- _DESCRIPTION OF THE TASK_:
Quote all of the data below exactly, please.

- _GIVEN MATERIAL_:
********

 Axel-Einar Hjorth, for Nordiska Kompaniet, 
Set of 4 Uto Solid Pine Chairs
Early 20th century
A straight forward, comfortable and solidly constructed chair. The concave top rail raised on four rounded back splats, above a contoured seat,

********

- _FINISHED EXERCISE_:
 Axel-Einar Hjorth, for Nordiska Kompaniet, 
Set of 4 Uto Solid Pine Chairs
Early 20th century
A straight forward, comfortable and solidly constructed chair. The concave top rail raised on four rounded back splats, above a contoured seat,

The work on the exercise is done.